7.4 In essence therefore, pay cuts can be a means to navigate the troubling COVID-19 time but must be a result of an employer proving that there are financial hardships caused by the outbreak and that amongst other ways of mitigating employments of the employees, pay cuts may achieve survival of the organization as well as the earning of the employees. It is key to note that employees have to agree and sign on such a proposal otherwise termination by retrenchment will need to ensue.
7.5 Employers are advised to seek out their legal counsels for advice and guidance befitting their organization’s facts and circumstances before applying the review under this update.
Breakthrough Attorneys’ labour law team is of the considered view that our Labour Laws in Tanzania have not covered much on pandemics and force majeure. Nevertheless, our laws allow some measures to be taken as addressed. Employers are urged to be compliant with the law and act upon government directives for purposes of overcoming the situation.
As a general summary from the above update, our labour experts underline that:-
8.1 There is no provision in labour law covering force majeure or pandemic events.

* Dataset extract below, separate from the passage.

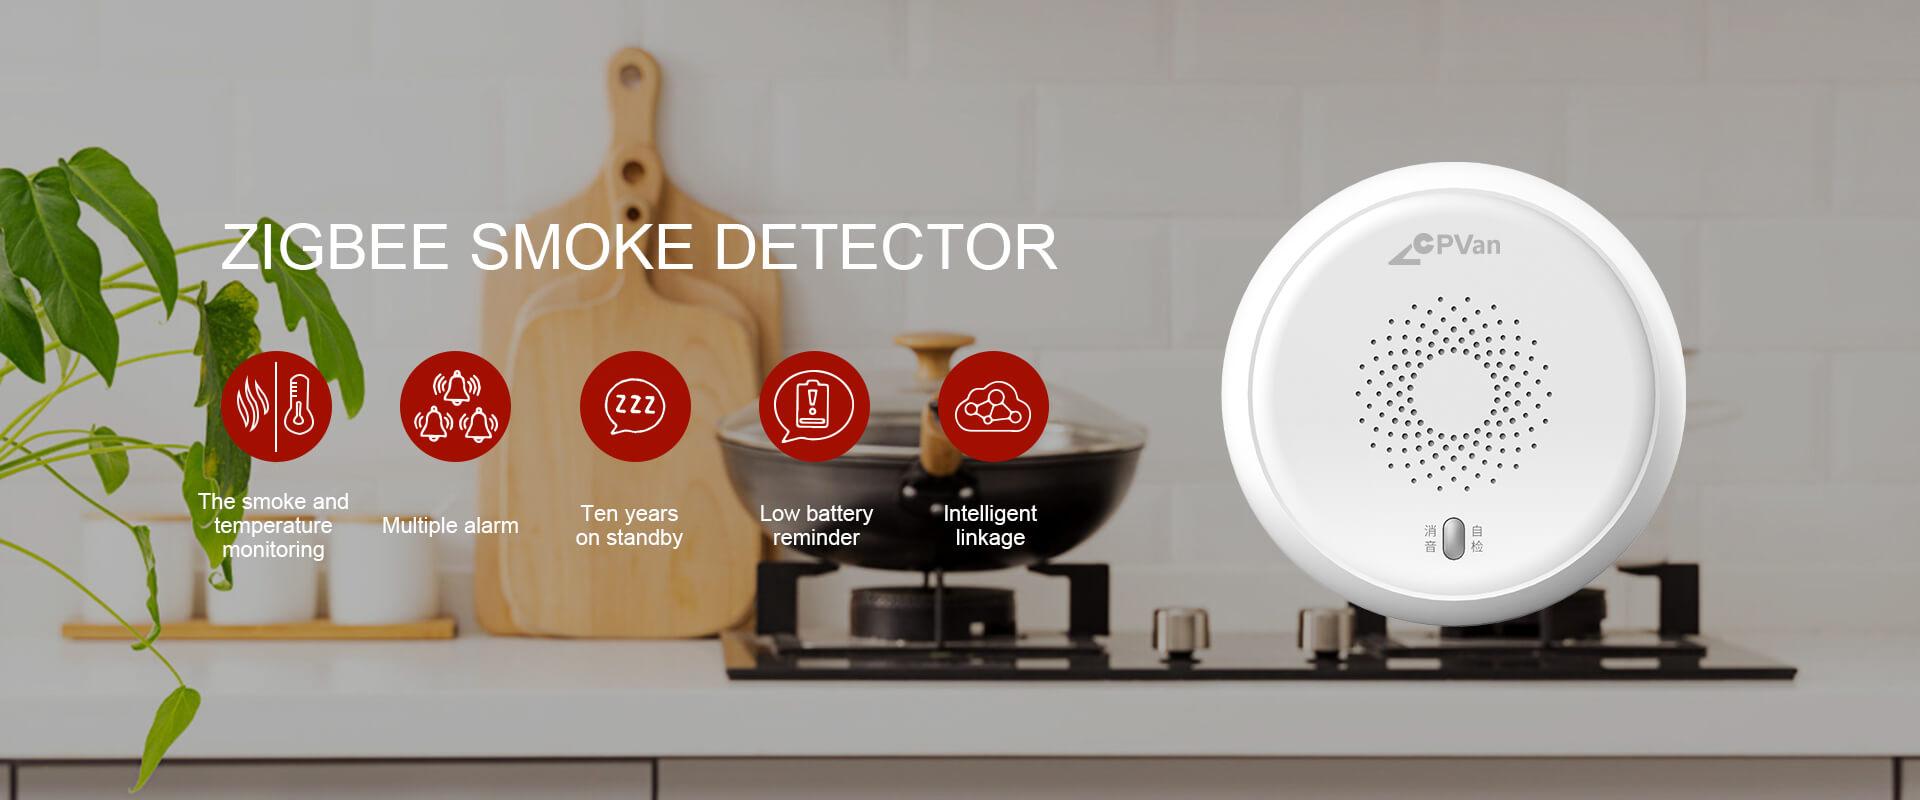 Zigbee Smoke Detector

8.2 Employers need to consult employees on any decisions involving COVID-19 prevention, management and impact at the workplace
8.3 Employers need to put COVID-19 preventive policies in place as well as guidelines on how to implement such policies.
8.4 Employees must be made aware of the said policies and guidelines and enabled to follow and observe them.
8.5 Employers have a duty to set preventive facilities such as washing units and other sanitary materials
8.6 Testing can be done under the auspices of occupational health laws but employers must observe privacy and non-discriminatory related rights of employees
8.7 “Working from home” policy is not restricted under the law but needs consultation and agreement with the employees.
8.8 Most of the issues may be easily discussed for unionized employees than for non-unionized ones. Unionized ones have capacity into entering collective agreements under the law.
8.9 There is no provision in Tanzanian law regarding unpaid leave. Clause 8.8 applies.
8.10 Salary reduction is generally abhorred and prohibited under the law.
8.11 Salary reduction can only be allowed if raised as a measure to avoid loss of employment during a retrenchment process necessitated by a looming financial crisis.
8.12 Employee consultation is key.
8.13 Follow set procedures set under the law for each action you undertake.
8.14 Consult your legal advisors to validate your intended action.
This publication has been prepared for information purposes only, and it does not constitute professional advice. You should not act upon the information contained in this publication without obtaining specific professional advice. No representation or warranty (express or implied) is given as to the accuracy or completeness of the information contained in this publication, and, to the extent permitted by law, Breakthrough Attorneys, its members, employees and agents do not accept or assume any liability, responsibility or duty of care for any consequences of you or anyone else acting, or refraining to act, in reliance on the information contained in this publication or for any decision based on it.